Mit diesem 426-Yard-Kracher war der Longhitter aus dem Burgenland nicht nur die Nummer eins der Drive-Wertung auf der größten Profigolf-Tour der Welt. Er übertraf vergangenen August im Firestone CC auf der 16 der Schlussrunde auch den ebendort aufgestellten 2014er-„PGA-Weitschuss-Rekord“ von Bubba Watson um zwei Yards. Wiesberger hat damit eine weitere Duftspur auf der PGA-Tour hinterlassen, auf der er heuer so viele Auftritte wie noch kein Österreicher vor ihm absolviert hat. „Ich bin sieben, acht Mal über den Teich, es war ein Jahr der Extreme.“

Dass Wiesberger die volle Mitgliedschaft auf der PGA-Tour schafft und damit längere Zeit in Amerika verbringt, ist wohl nur eine Frage der Zeit. Tatsache ist, dass der auf Platz 27 der Weltrangliste vorgestoßene Oberwarter auch in seinem vierten Lebensjahrzehnt sehr große Ziele hat. Zudem kommt er ins offenbar beste Golf-Alter.„Statistisch gesehen sind die besten Jahre zwischen 30 und 40“, sagte Wiesberger unmittelbar nach seinem 30. Geburtstag (8. Oktober) beim „Final 5“ seines Sponsors Red Bull im heimatlichen Reiters GC von Bad Tatzmannsdorf. „Es verschiebt sich aber gerade in beide Richtungen. Wir haben die jüngste Nummer eins der Weltrangliste seit Tiger (Woods) und gleichzeitig Leute, die mit späten 40, Anfang 50 noch vorne mitspielen“, so Wiesberger.

Er steht im bisher besten Jahr seiner Karriere, Verbesserungspotenzial ist aber immer noch da. „Beim langen Spiel war ich einer der Besten“, weiß er. „Beim Spiel unter 100 Metern und rund ums Grün muss ich weiter arbeiten.“ Da ist einiges schon für die Zukunft in Bewegung gesetzt worden. So kann er nun etwa auf einem künstlichen Grün wetterunabhängig das Kurzspiel üben.

Keine Qualifikationssorgen

Schon jetzt kann Wiesberger 2016 – da steht auch Olympia in Rio auf dem Programm – deutlich besser planen als dieses Jahr, weil er praktisch alle derzeit möglichen Qualifikationskriterien erfüllt hat. Er wird deshalb im kommenden Jahr seine Turnierblöcke rund um die WGCs und Majors bilden.

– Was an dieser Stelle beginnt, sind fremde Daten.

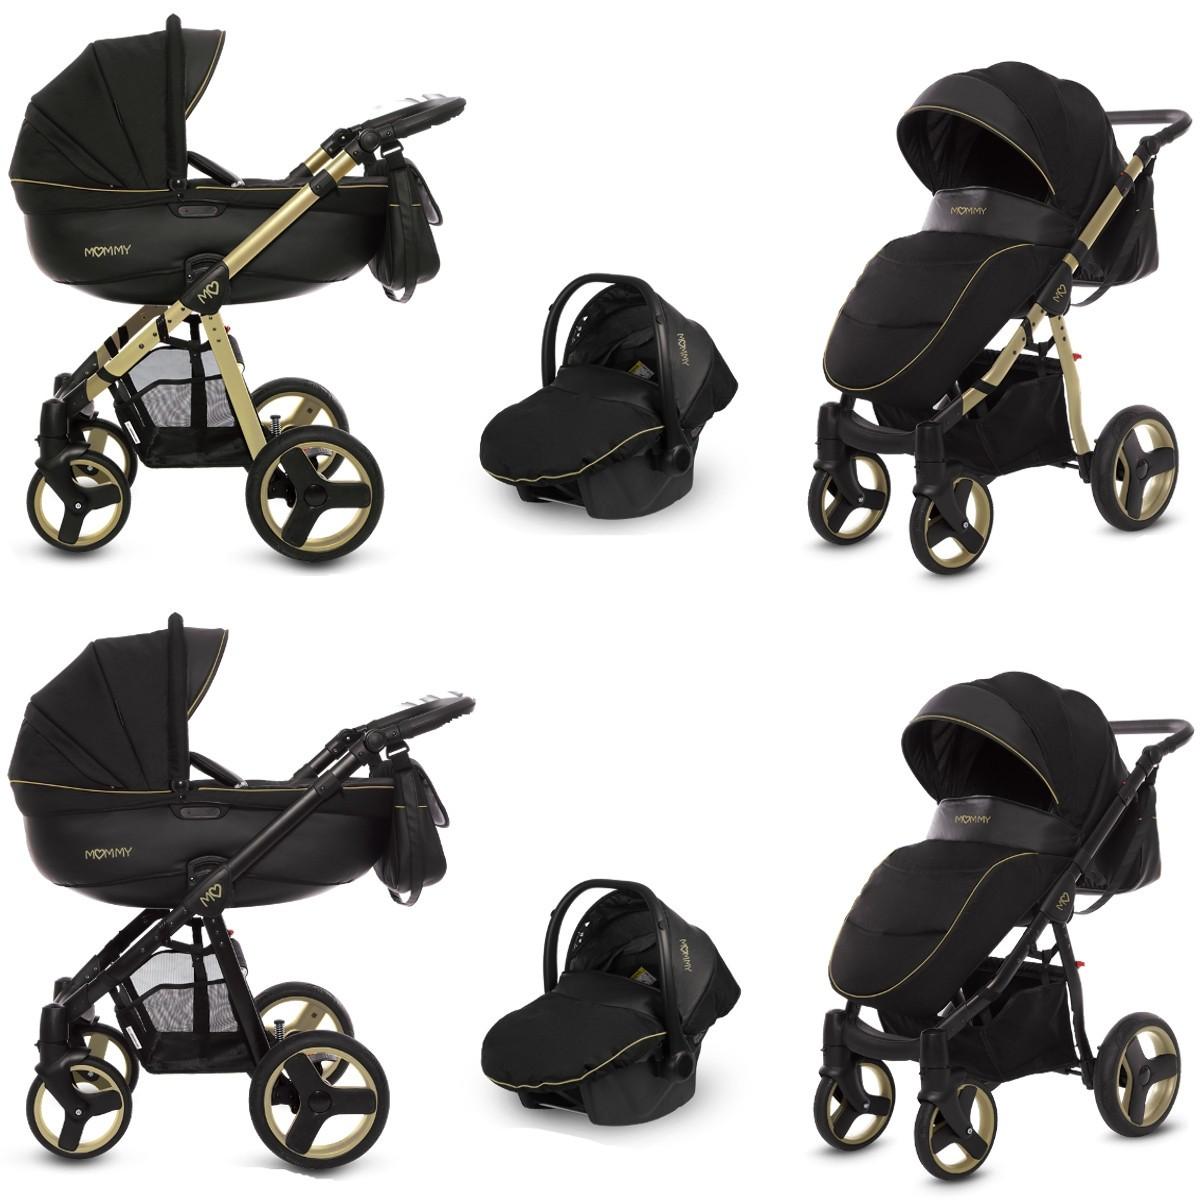 MOMMY Kombi Kinderwagen 2in1 mit Babywanne + Sportwagenaufsatz / Buggy oder 3in1 + Babyschale / Autoschale, gold magic
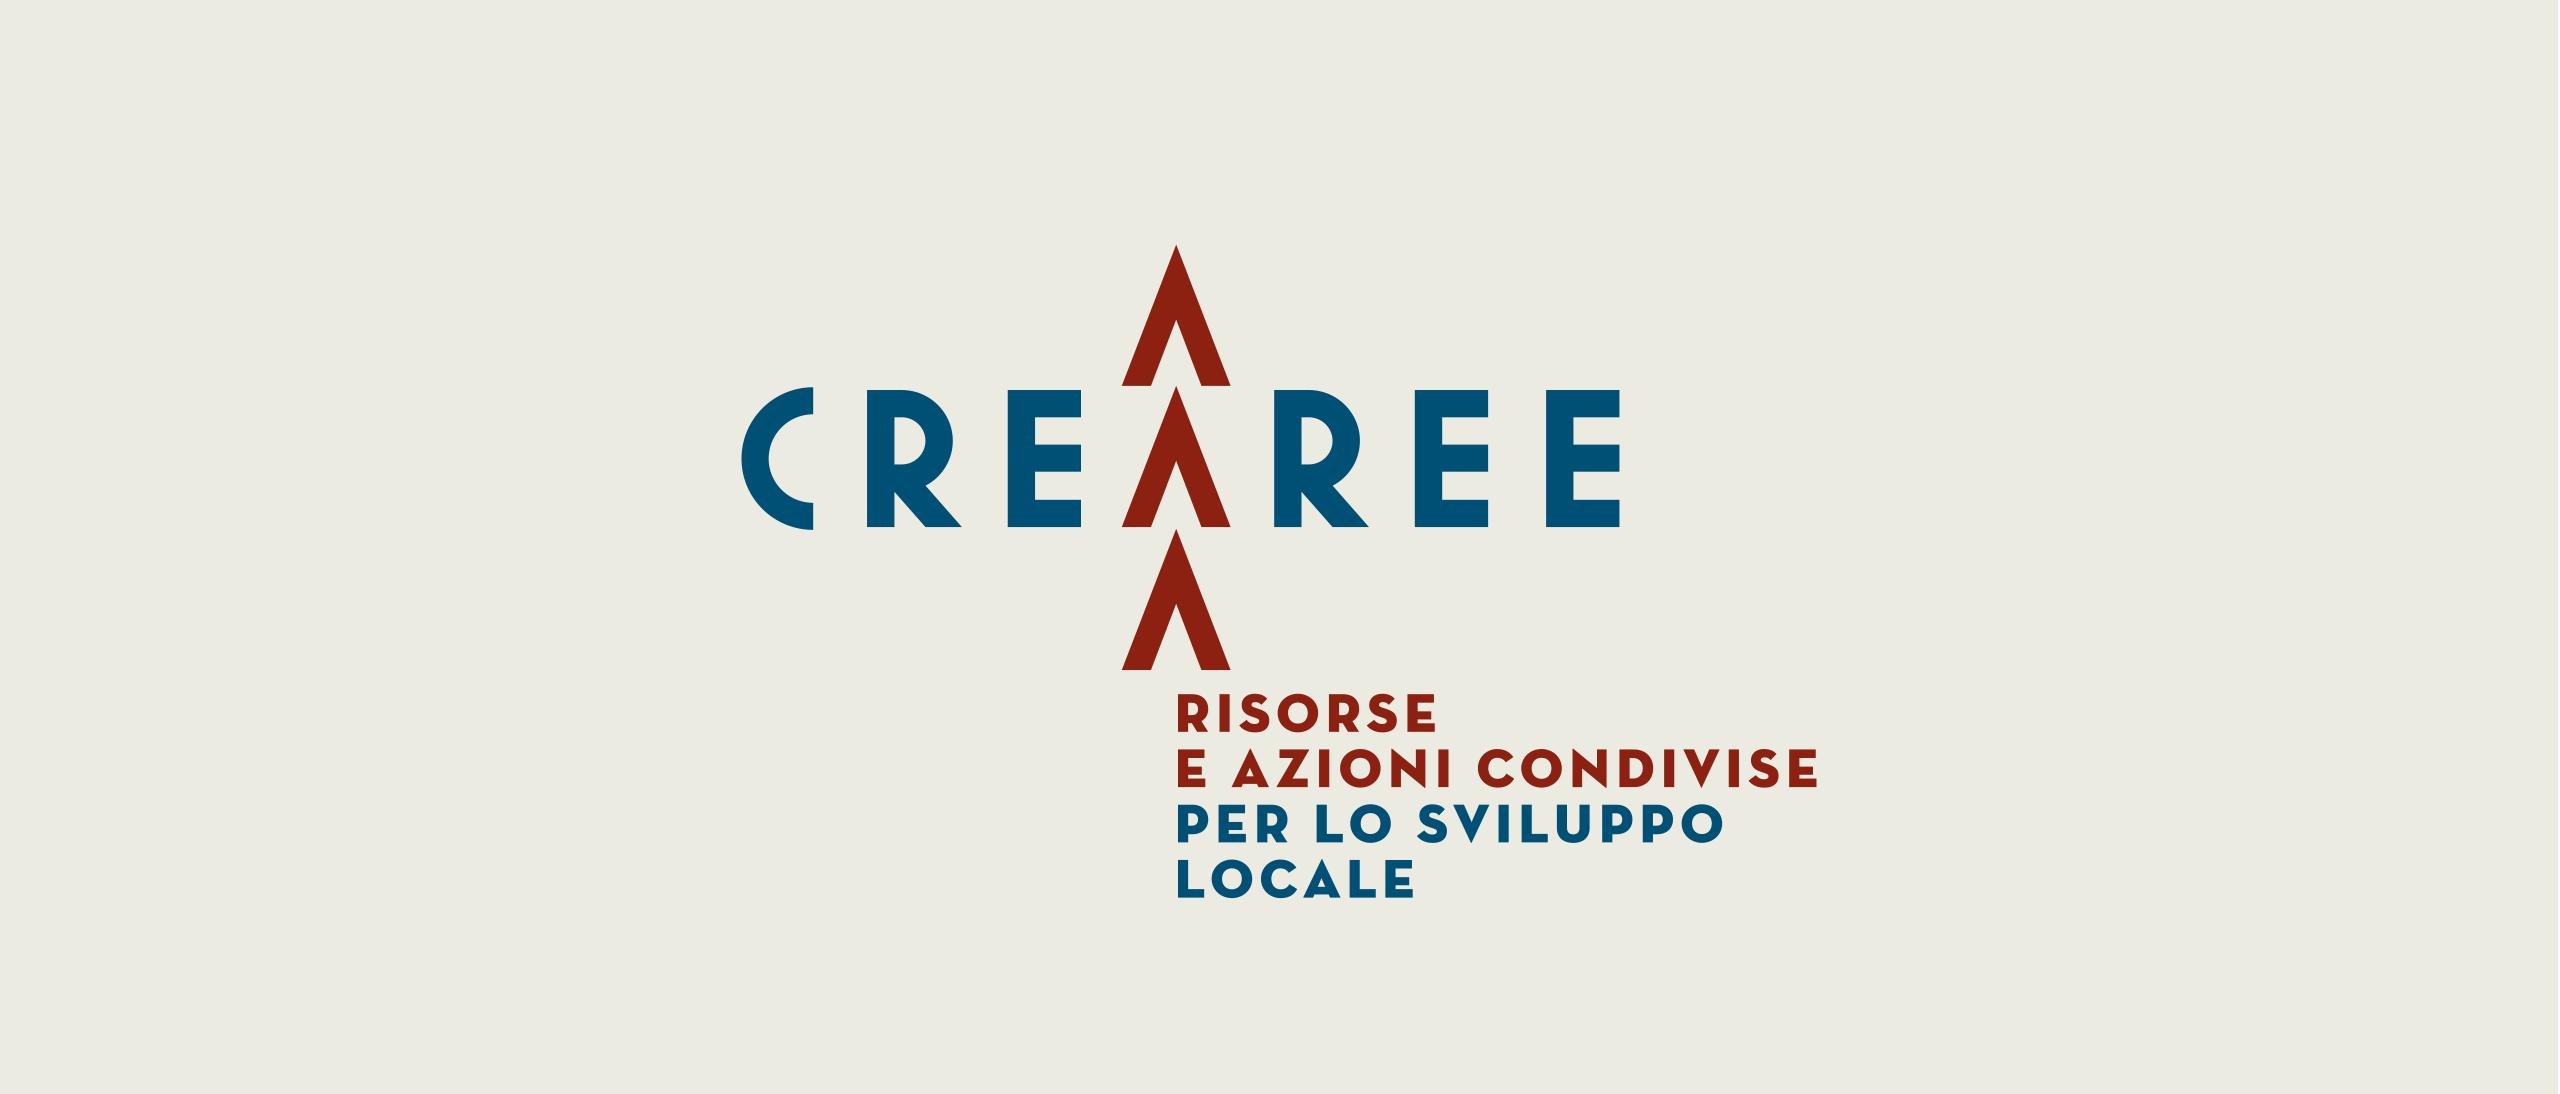 Crearee - Risorse e azioni condivise per lo sviluppo locale

Schlägt er sich zudem bei den kommenden vier und insgesamt über 30 Mill. Euro schweren ET-Finalturniere in der Türkei, in China (2) und dem großen Showdown im November in Dubai gut, sind nochmals Ranglisten-Verbesserungen und eine Jahresplanung mit noch weniger Reisestress möglich. US-Tourkarte hat er zwar (noch) keine, in Europa ist er aber allein dank seines Paris-Sieges bis 2018 fix dabei.

Mit Platz vier bei der „Dunhill Links“ hat Wiesberger zuletzt auch in der Ryder-Cup-Wertung gut angeschrieben. Als erster Österreicher an diesem legendären Team-Vergleich Europas mit den USA schon 2016 in Hazeltine (Minnesota) teilzunehmen, ist ein weiteres großes Ziel.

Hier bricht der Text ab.